Clearly energy storage systems will need to evolve - as they in fact are. It
is a huge race with a prize worth trillions for the organizations,
inventors, venture capitalists that figure out scalable batteries (or other
energy storage) A lot of money is going into this (and has been for some
time) And some very promising low cost flow batteries for example are on the
horizon. Utility scale batteries are critically needed. But not just that,
the grid itself is an antiquated Victorian era machine (the largest machine
on earth)

 

> The reason they are not getting built has less to do with political
activists and a more to do with the negative economic profile

 

James Hansen is one of the world's leading environmentalists and has done
more to raise the alarm about climate change than anybody else, he started
to do so in 1988. Hansen has recently changed his mind and is now in favor
of nuclear power because he figures it causes less environmental impact than
anything else, or at least anything else that wasn't moonbeams and could
actually make a dent in satiating the worldwide energy demand.  

Yes I know and Hansen is terribly wrong on this.

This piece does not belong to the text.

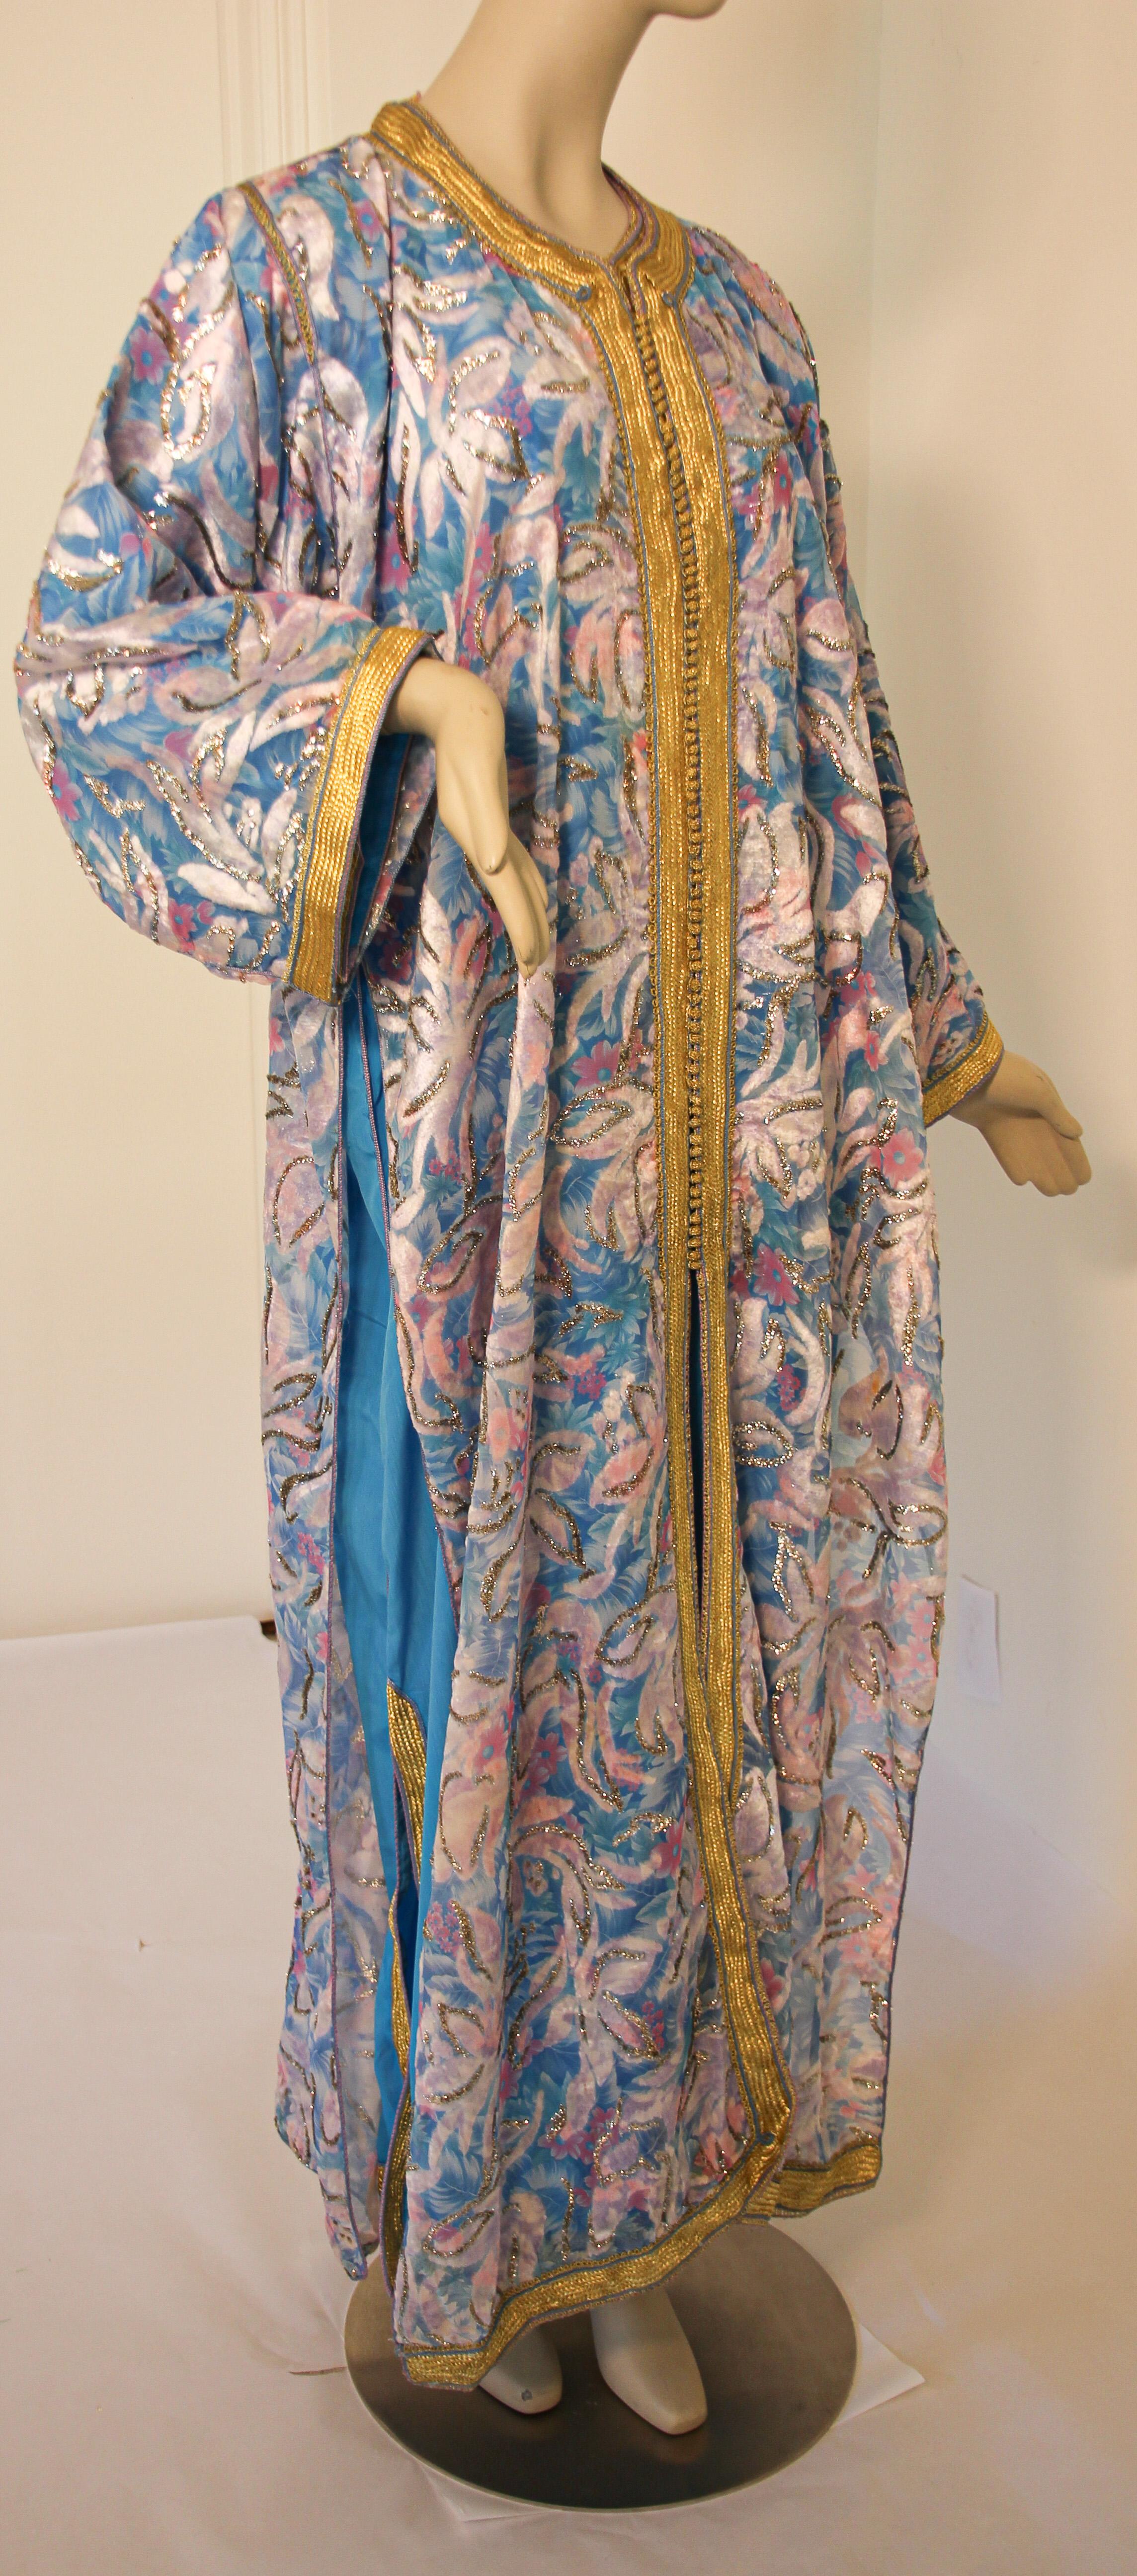 Hand-Crafted Moroccan Kaftan in Turquoise and Gold Floral Brocade Metallic Lame For Sale
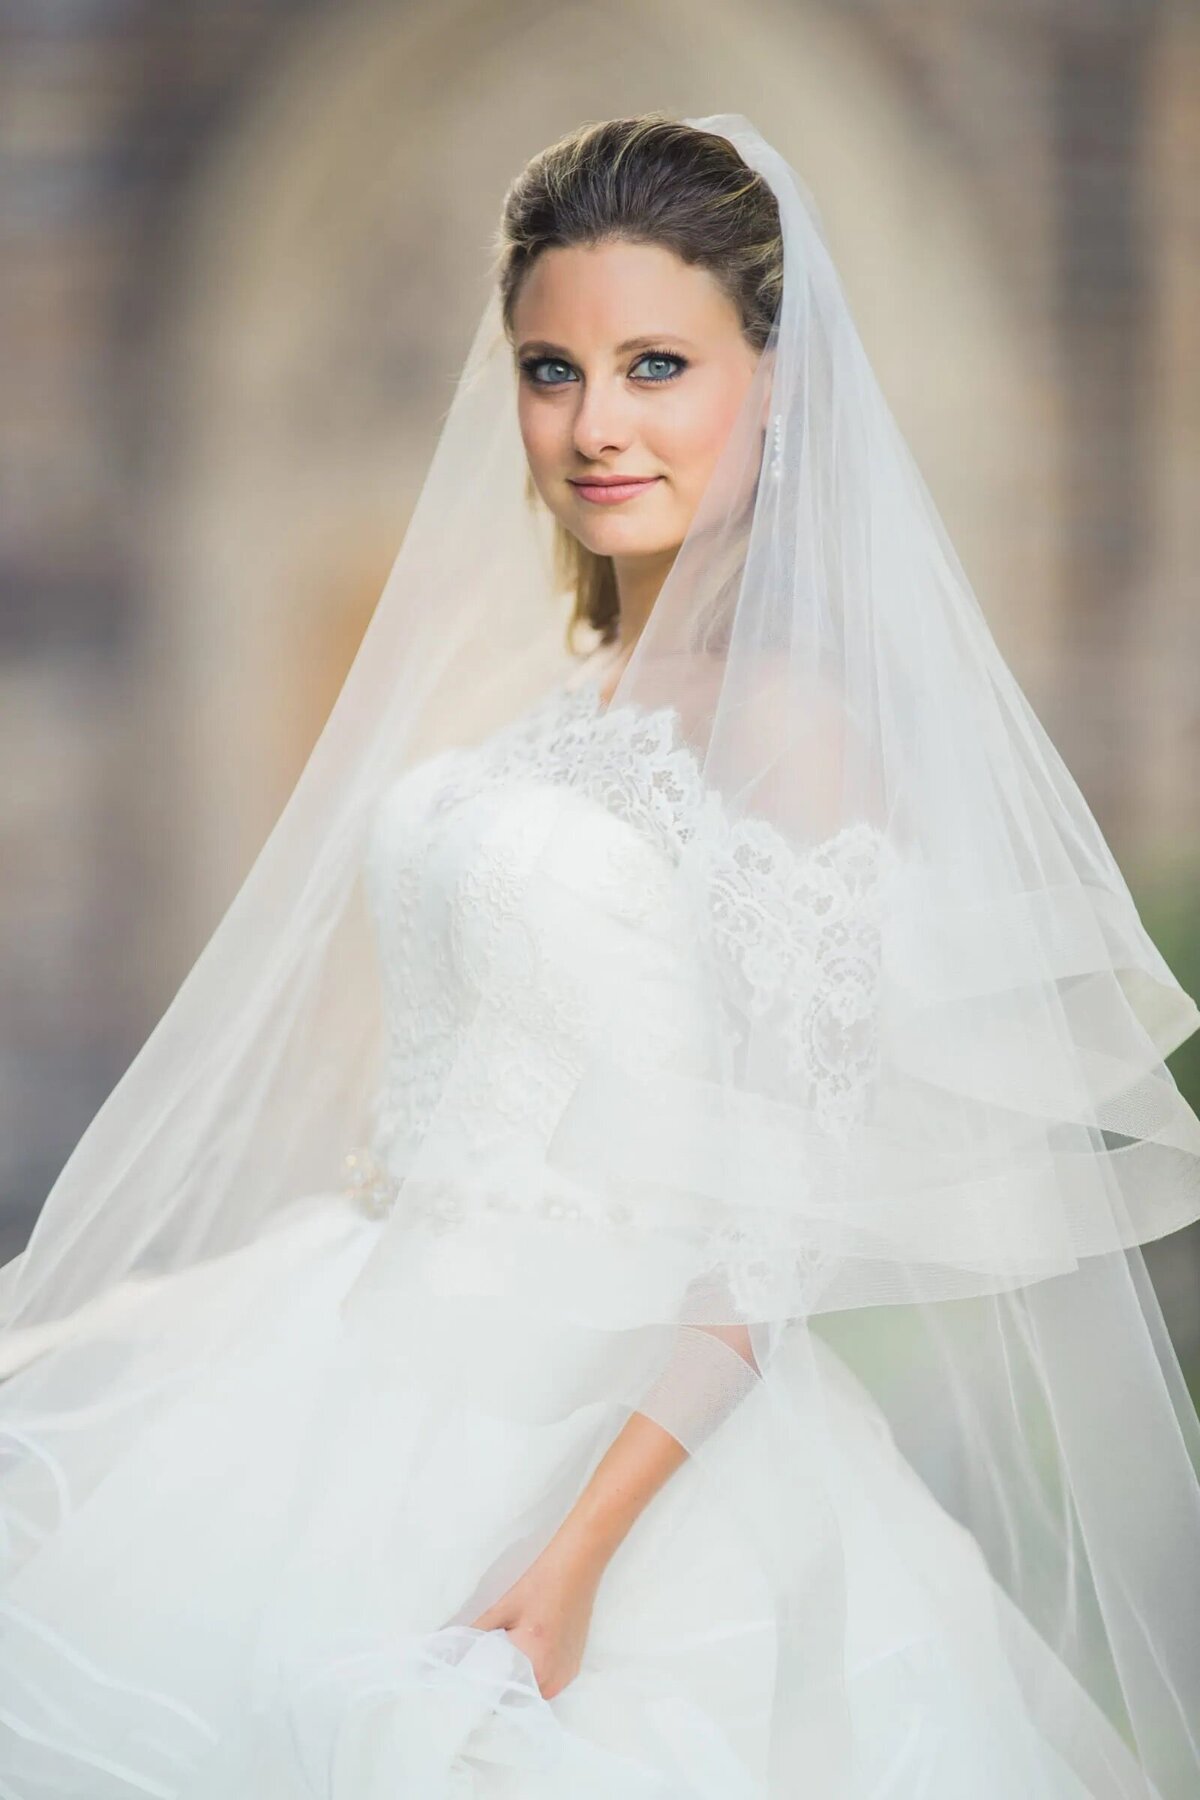 A bride smiling and holding the bottom of her wedding dress

It is ironic to hear you
speak of this alleged small environmental impact of nuclear just a few years
scant years into the beginning of a trillion dollar mess at Fukushima - that
is going to be a resource and capital sinkhole for hundreds of years, just
as Chernobyl, Hanford, the enrichment plant at Oak Ridge (various places in
the former Soviet Union) and others are also proving to be. 

If just one of the SFPs on top of the Fukushima Mark II reactors should fail
- what then? Several these units have been badly damaged by the hydrogen
explosions and are deteriorating structurally exposed to the elements.
Apparently the ground is starting to become unstable under unit #4 (which
explains the insane urgency to try to get those still very hot spent fuel
rods out of the SFP and into external storage - dry cask eventually
probably. Fukushima may be out of the news, but it is not over. It has not
been contained and the situation could quite suddenly become dire. They are
speaking of desperate measures to try to contain this - including freezing a
subterranean wall of injected water around the facility. The fuel assemblies
in three or four of the five unit's SFPs have partially melted and become
deformed by heat. Zirconium metal clad fuel rods - as you know spontaneously
combust in air - so removing them is a very tricky business. Also if any
rods get too close that can be very dangerous as well.

Just because something is out of the news does not mean the problem has been
solved. Hanford is out of the news. Have they dealt with the Hanford mess?
You know the answer is no; the estimate of what it will take now stands at
$112 billion (and rising) 

There will be no easy answers to our looming need to adapt to energy
reality. As peak oil hits - and global conventional oil has already peaked -
and the other fossil energy types (including recoverable uranium) will
quickly follow - capital availability is going to collapse. There will be no
energy available to spare. Shale oil is essentially a Ponzi scheme boom - as
the depletion rates of the Eagle-Ford formation (and increasingly now the
Bakken as well) demonstrate. The EROI of Canadian tar sand is really not all
that good - and mining, refining it is destroying and degrading vast areas
and huge amounts of fresh water. 

Everyone seems to be looking around hoping for that magical source of
energy. But it does not exist. We need to adapt and become more adept at
harvesting the solar flux and far more efficient in how we live. Otherwise
all we will be doing is ensuring our own and most large animal species
extinction - the global rate of species extinction is currently 10,000 times
the average background rate.. Just a thought to chew on.